I was wondering, if I scrape one site every few seconds, Is DNS caching something to set up to avoid a lot of DNS lookup or is done automatically?
Practical example: I have a script that every few seconds check a marketplace for new products. Let’s say marketplace domain is martketpalce.com. To convert that domain to an IP, it is sent a DNS lookup to a DNS server. To avoid sending a DNS lookup every time I scrape martketpalce.com, should I do something in particular or not?
Thank you
1
The short answer is: yes.
I drafted a couple versions of this answer, but there is a single underlying reason:
You should control your scrapper’s network behavior, in order to ensure consistent and reliable loading. Without implementing this, the proper operation of the scraping sessions will fall apart in the real world.

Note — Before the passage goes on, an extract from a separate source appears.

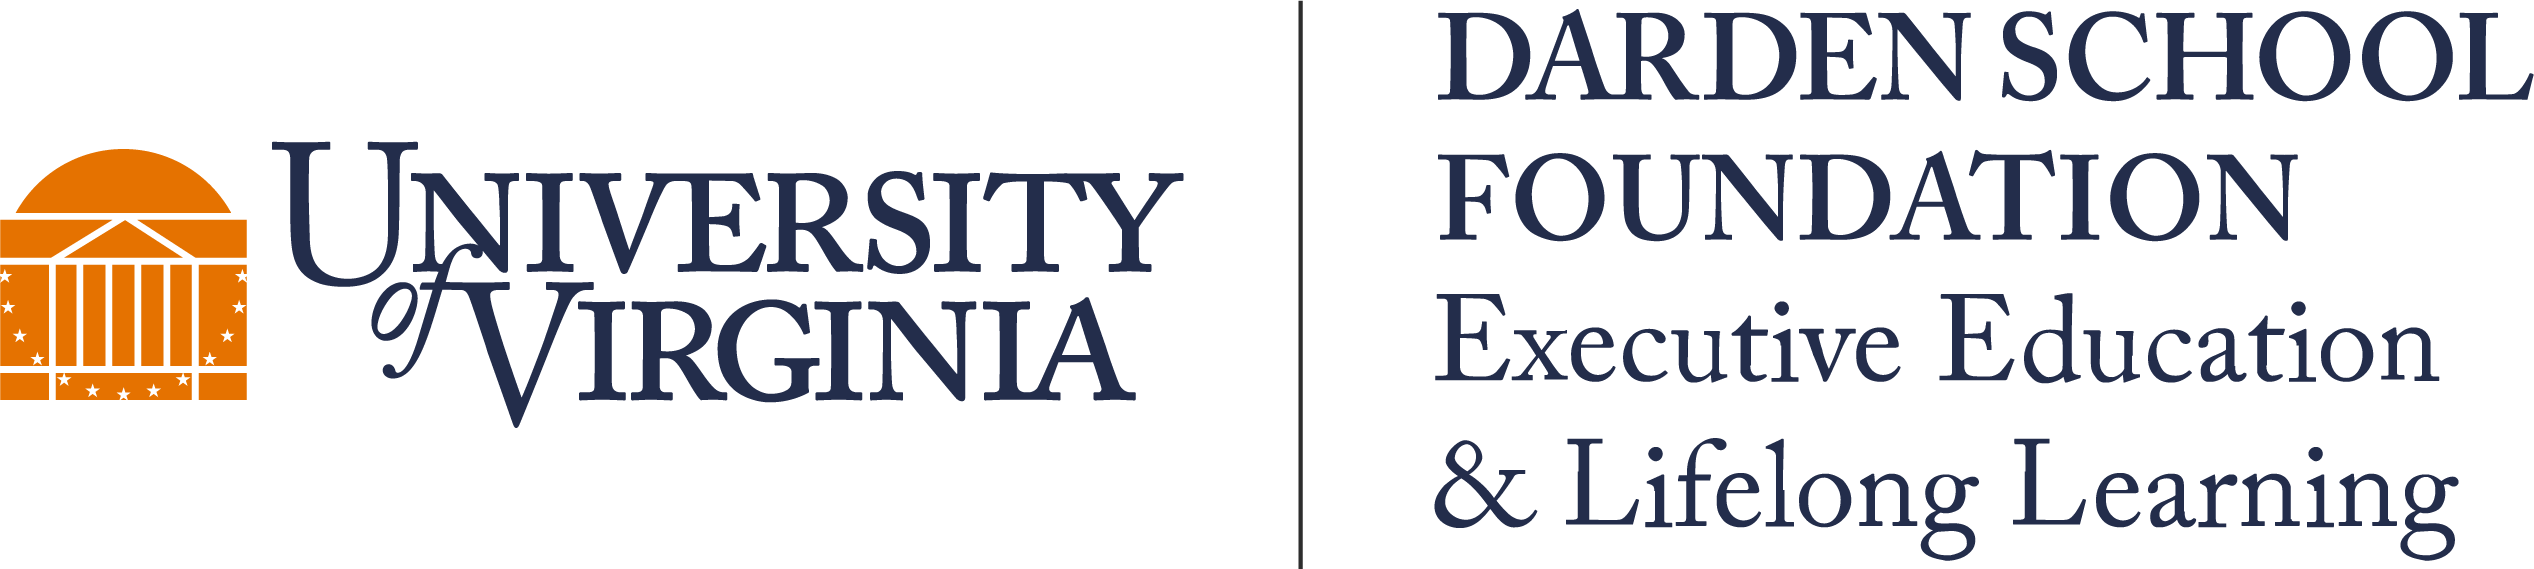 University of Virginia Darden School Foundation Executive Education & Lifelong Learning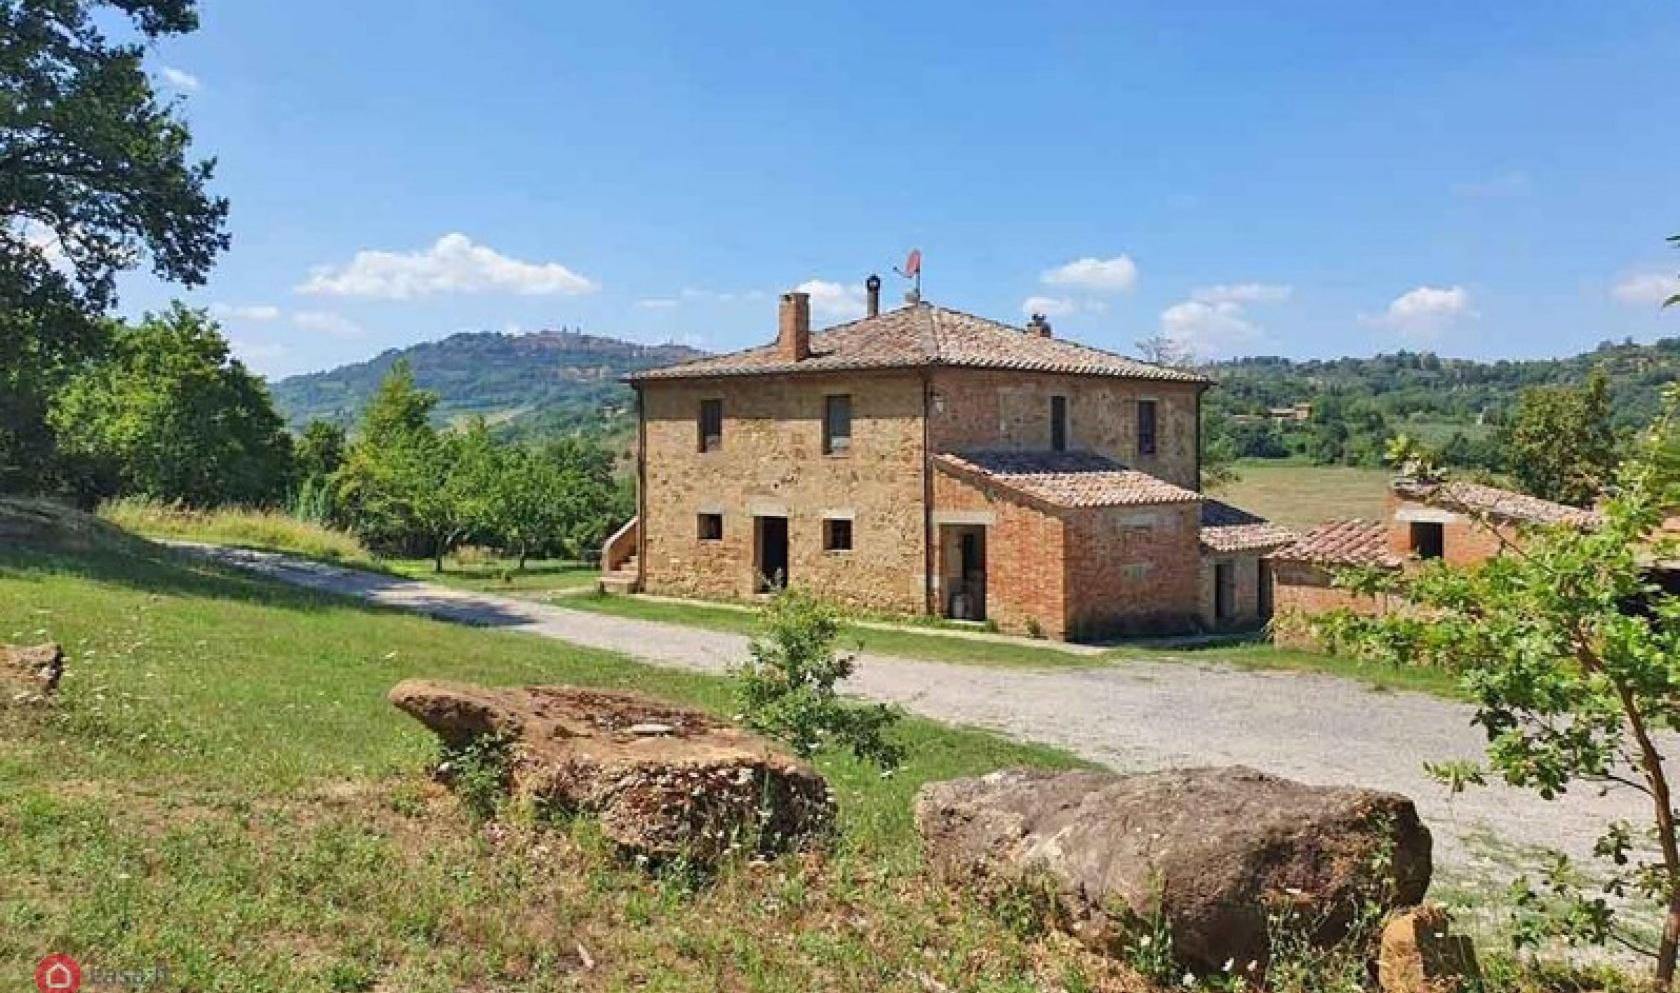 Toscana Immobiliare - Casali tipici toscani in vendita a Montepulciano, Siena

A brief but incomplete list:
- Your utility (if you call
curl
orwget
) might cache (or worse, might not). - Your OS might have undocumented settings or middleware (
nscd
anyone?) - You might have (or have not) local caching DNS on different systems. Ask Microsoft for a detailed and full history of their Windows DNS caching.
- You might have different DNS configs if you move the tool from system to system.
- You might have various “transparent” proxy or load balancing.
- Your library might cache DNS, but have varied performance depending on load, or pooling limits, or poor error handling, etc.
- You have something equally irritating that I haven’t mentioned yet.